Paso 2: read and load the data set

df = pd.read_csv('weight-height.csv')
df.sample(5)

data height

Paso 3: Sketch the distribution graph of the characteristic of “height”

sns.distplot(df['Height'])

Paso 4: Sketch the box plot of the characteristic of “height”

sns.boxplot(df['Height'])

plot height

Paso 5: Find the upper and lower limit

upper_limit = df['Height'].quantile(0.99)
lower_limit = df['Height'].quantile(0.01)

Paso 7: apply trim

new_df = df[(df['Height'] <= 74.78) & (df['Height'] >= 58.13)]

Paso 8: Compare the distribution and the box plot after clipping

sns.distplot(new_df['Height'])
sns.boxplot(new_df['Height'])

Detect and remove outliers by clipping the boxplot

👉 Winsorización:

Paso 9: Apply limitation (Winsorización)

df['Height'] = np.where(df['Height'] >= upper_limit,
        upper_limit,
        np.where(df['Height'] <= lower_limit,
        lower_limit,
        df['Height']))

Paso 10: Compare distribution and box plot after constraint

sns.distplot(df['Height'])
sns.boxplot(df['Height'])

boxplot post limit Detect and remove outliers

This completes our percentile-based technique!!

Final notes

Thank you for reading!

If you liked this and want to know more, visit my other articles on data science and machine learning by clicking on the Link

Feel free to contact me at Linkedin, Email.

Anything not mentioned or do you want to share your thoughts?
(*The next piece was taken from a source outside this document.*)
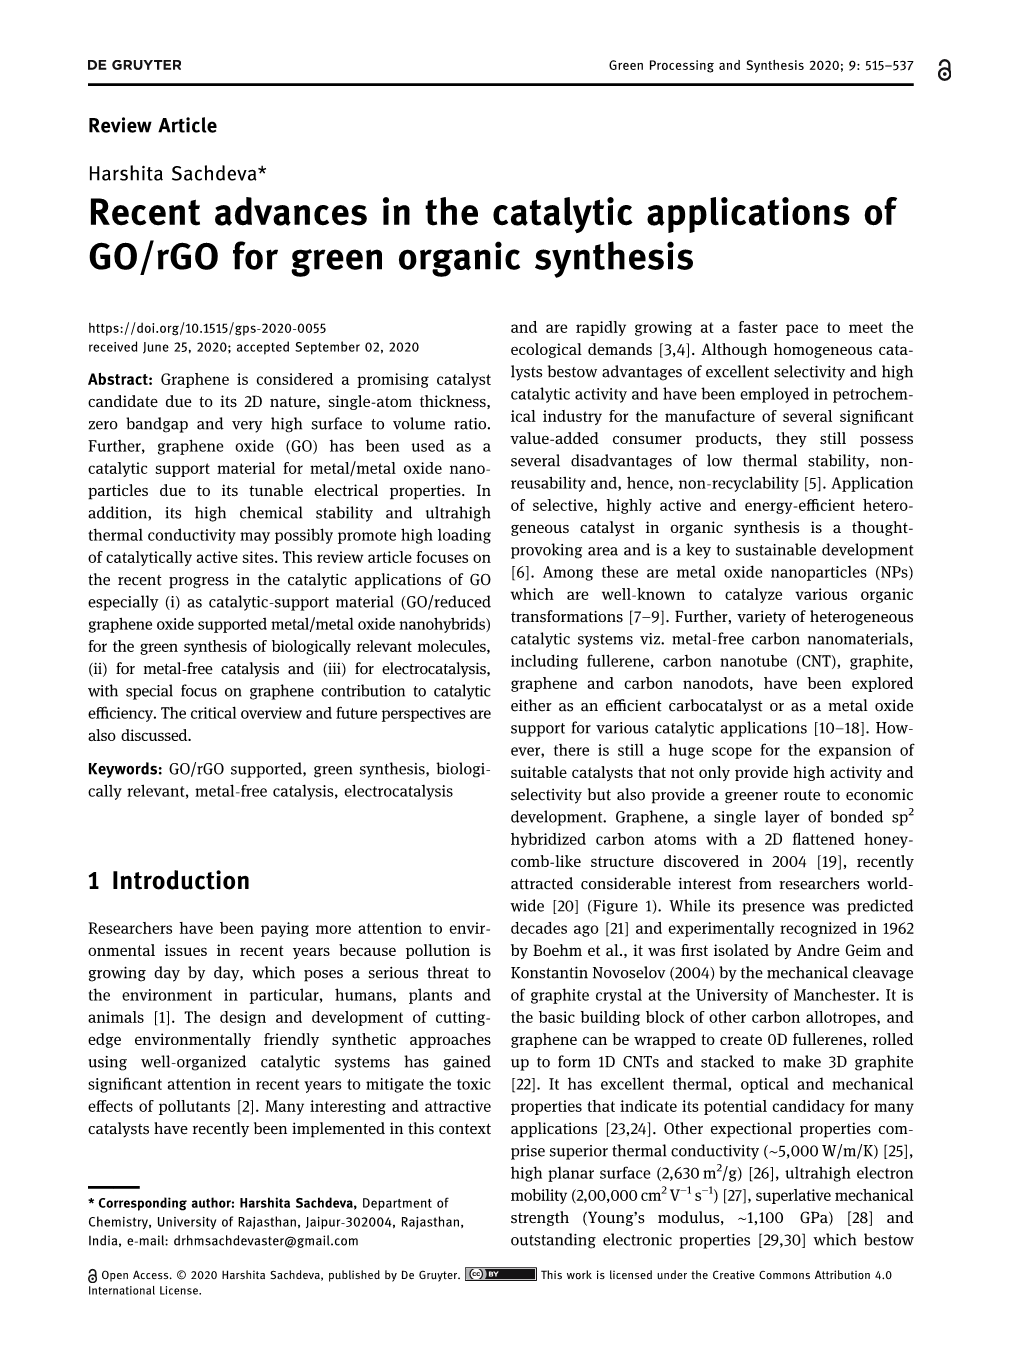 Recent Advances in the Catalytic Applications of GO/Rgo for Green Organic Synthesis

Feel free to comment below and I'll get back to you.

About the Author

Chirag Goyal

Nowadays, I am pursuing my Bachelor of Technology (B.Tech) in Computer Science and Engineering from Indian Institute of Technology Jodhpur (IITJ). I am very excited about machine learning, deep learning and artificial intelligence.

The media shown in this article is not the property of DataPeaker and is used at the author's discretion.

Subscribe to our Newsletter

We will not send you SPAM mail. We hate it as much as you.